Neonatal physiology also results in altered drug elimination pathways compared with older children and adults. Specifically, mechanisms of renal excretion, including glomerular filtration, active tubular secretion, and tubular reabsorption, increase with increasing GA, PNA, and body weight.[17] Glomerular filtration rate (GFR) for body surface area is initially low in term neonates, increasing rapidly during the first 2 weeks of life, subsequently rising slowly to adult values by 6 to 12 months PNA.[17] In premature infants, incomplete nephrogenesis until 34 weeks' gestation limits initial rapid rises in GFR.[17] Notably, conditions common in preterm neonates such as decreased cardiac output and receipt of nephrotoxic drugs can also result in lower GFR.

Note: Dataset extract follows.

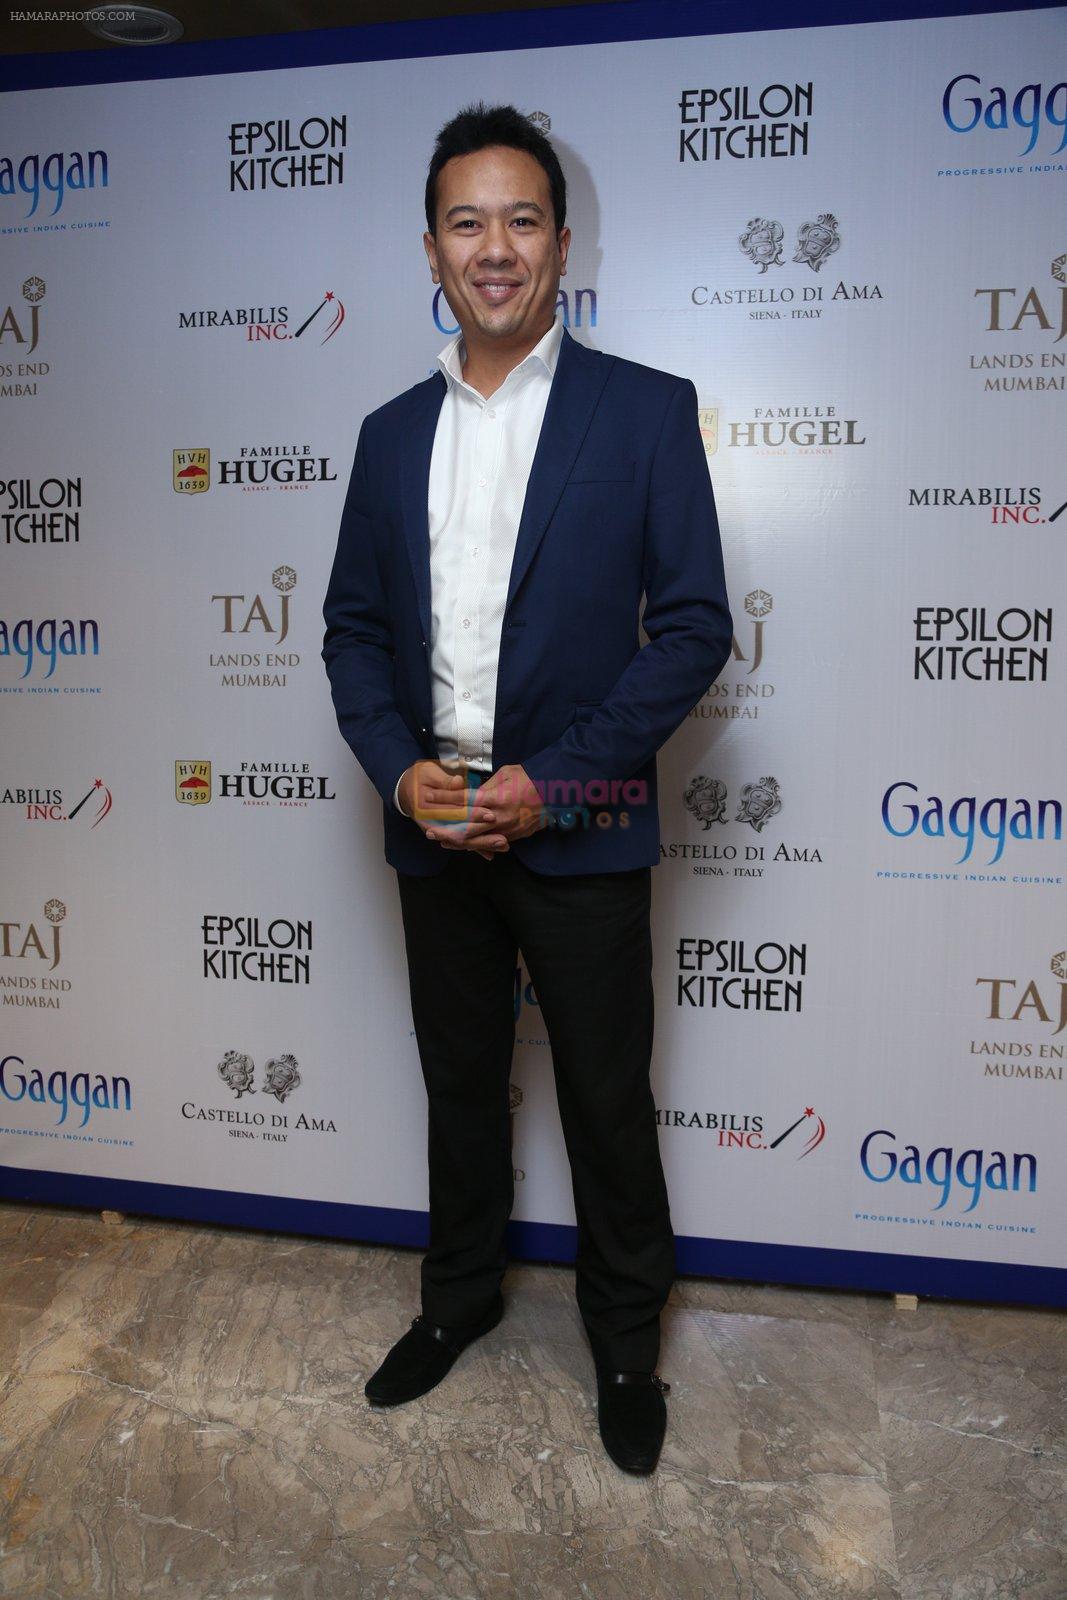 at Chef Gaggan's foodie event on 2nd Sept 2016

Elimination pathways of active tubular secretion and tubular reabsorption are similarly immature at birth, increasing the risk for prolonged and toxic drug exposures in neonates. Initially, elimination pathways are only 20 to 30% of that observed in adults, with active tubular secretion gradually reaching adult values by 7 to 12 months of life and tubular reabsorption maturing through adolescence.[2] Meropenem provides a pertinent example of the importance of careful consideration of these pathways in neonatal drug dosing.

Meropenem, a β lactam administered intravenously, has broad antimicrobial activity with stability against resistance mechanisms of most extended spectrum and AmpC chromosomal β-lactamases.[18] Meropenem has low protein binding (2% in adults) and broad distribution and tissue penetration in the body.[18] Consequently, this drug is used for treatment of meningitis, late-onset sepsis, and intra-abdominal infections in neonates.[19] [20] Meropenem undergoes limited metabolism to an inactive metabolite, and >70% of the drug is excreted unchanged in the urine, dependent on both glomerular filtration and active tubular secretion for clearance.[18] As such, adjustment in dose is recommended for creatinine clearance <50 mL/min, geriatric patients, and recently, neonates, including those who are premature.[18]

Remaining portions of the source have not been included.